Job lifecycle for MNP jobs - Amazon Batch
Services or capabilities described in Amazon Web Services documentation might vary by Region. To see the differences applicable to the China Regions, see Getting Started with Amazon Web Services in China (PDF).

Job lifecycle for MNP jobs

When you submit a multi-node parallel job, the job enters the SUBMITTED status. Then, the job waits for any job dependencies to finish. The job also moves to the RUNNABLE status. Last, Amazon Batch provisions the instance capacity that's required to run your job and launches these instances.

Each multi-node parallel job contains a main node. The main node is a single subtask that Amazon Batch monitors to determine the outcome of the submitted multi node job. The main node is launched first and it moves to the STARTING status. The timeout value specified in the attemptDurationSeconds parameter applies to the whole job and not to the nodes.

When the main node reaches the RUNNING status after the node's container is running, the child nodes are launched and they also move to the STARTING status. The child nodes come up in random order. There are no guarantees on the timing or ordering of child node launch. To ensure that the all the nodes of the jobs are in the RUNNING status after the node's container is running, your application code can query the Amazon Batch API to get the main node and child node information. Alternatively, the application code can wait until all nodes are online before starting any distributed processing task. The private IP address of the main node is available as the AWS_BATCH_JOB_MAIN_NODE_PRIVATE_IPV4_ADDRESS environment variable in each child node. Your application code may use this information to coordinate and communicate data between each task.
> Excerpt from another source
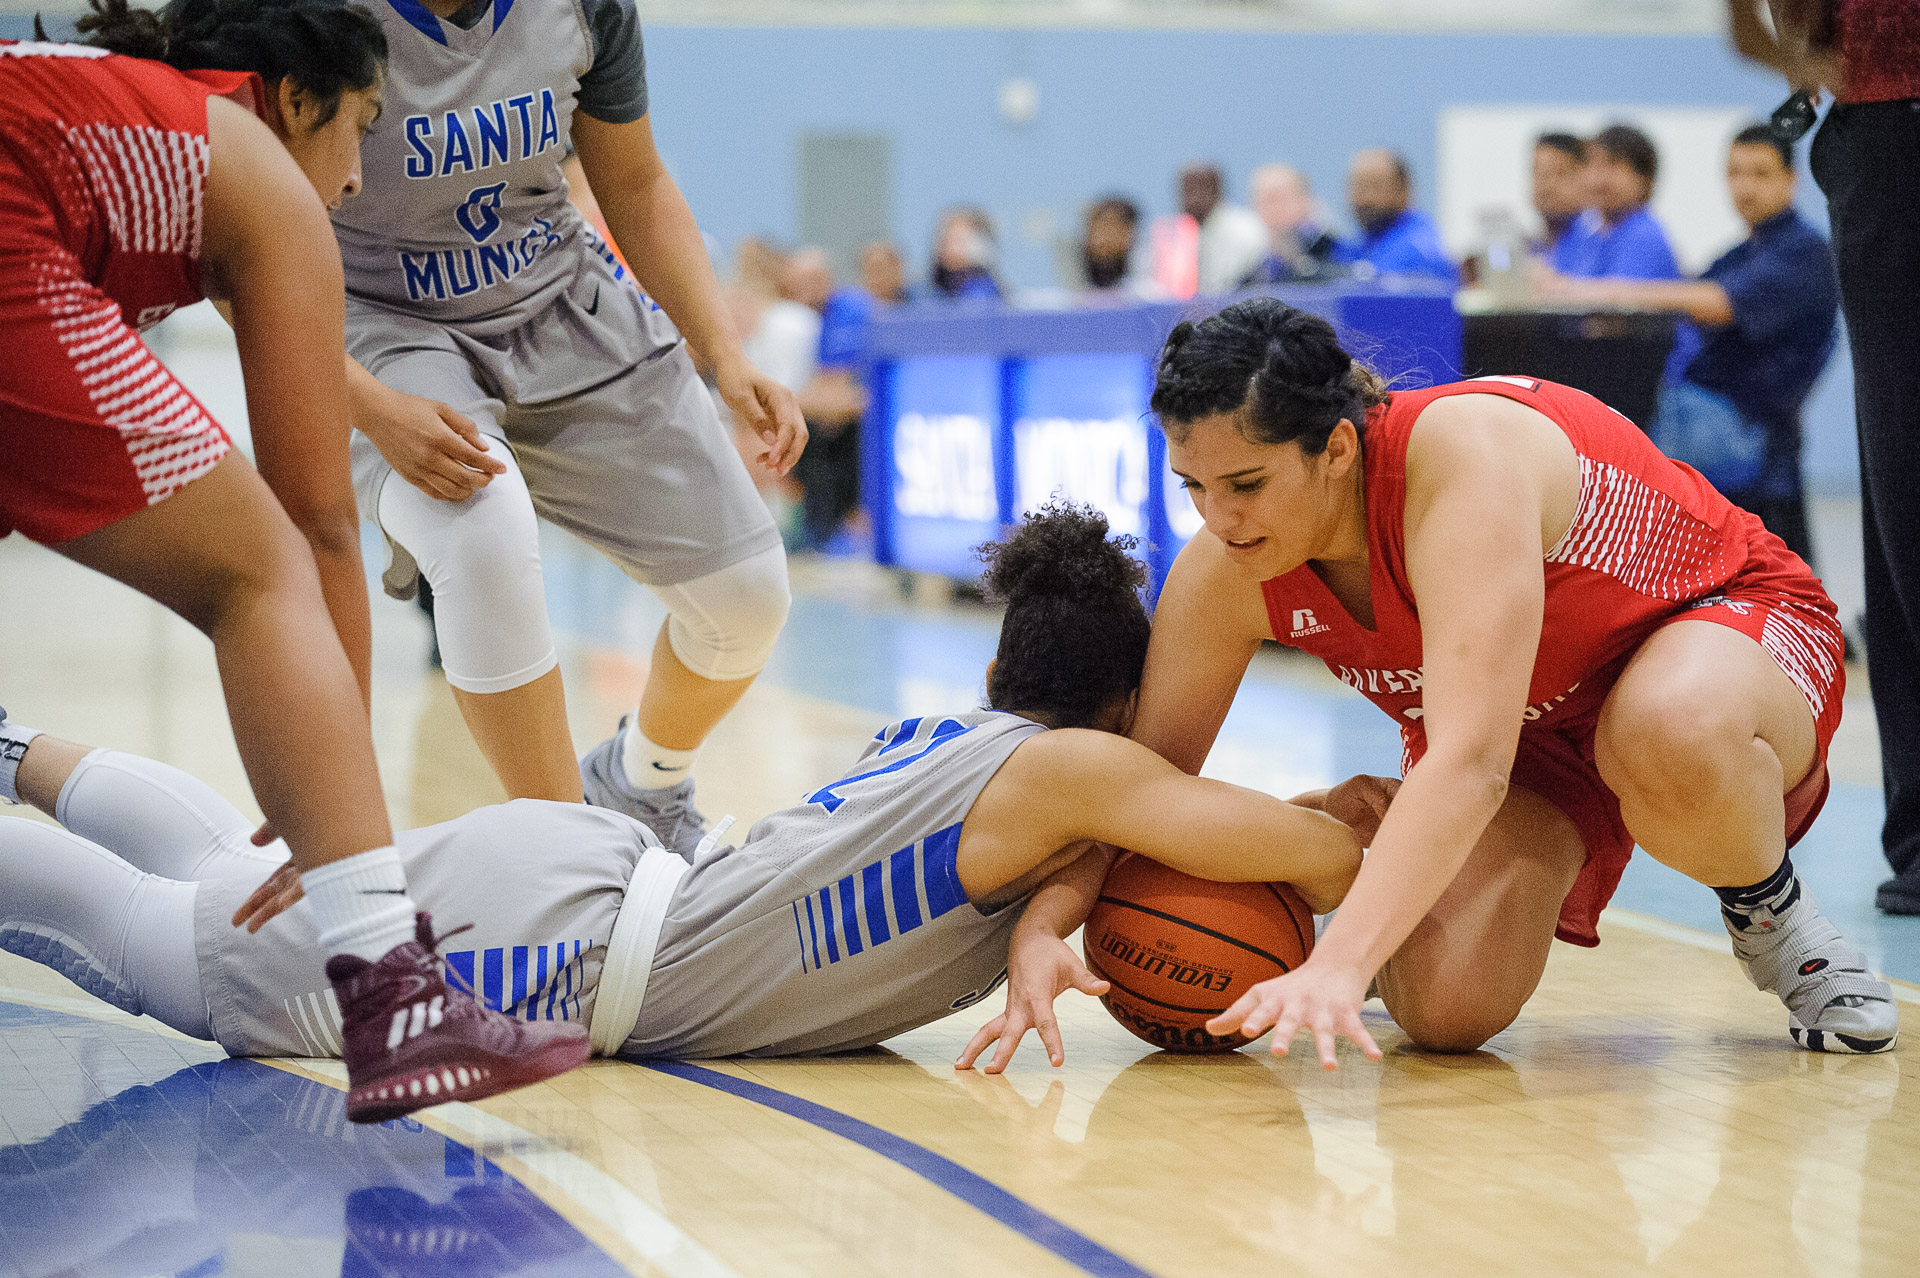  Guard Jinea Cole (22,Middle) of Santa Monica College fights for a loose ball against Brianna Mendez (24,Right) of Bakersfield College. The Santa Monica College Corsairs lose the game 62-72 to the Bakersfield College Renegades. The game was held at t

As individual nodes exit, they move to SUCCEEDED or FAILED, depending on their exit code. If the main node exits, the job is considered finished, and all of the child nodes are stopped. If a child node dies, Amazon Batch doesn't take any action on the other nodes in the job. If you don't want your job to continue with a reduced number of nodes, you must factor this into your application code. Doing this terminates or cancels the job.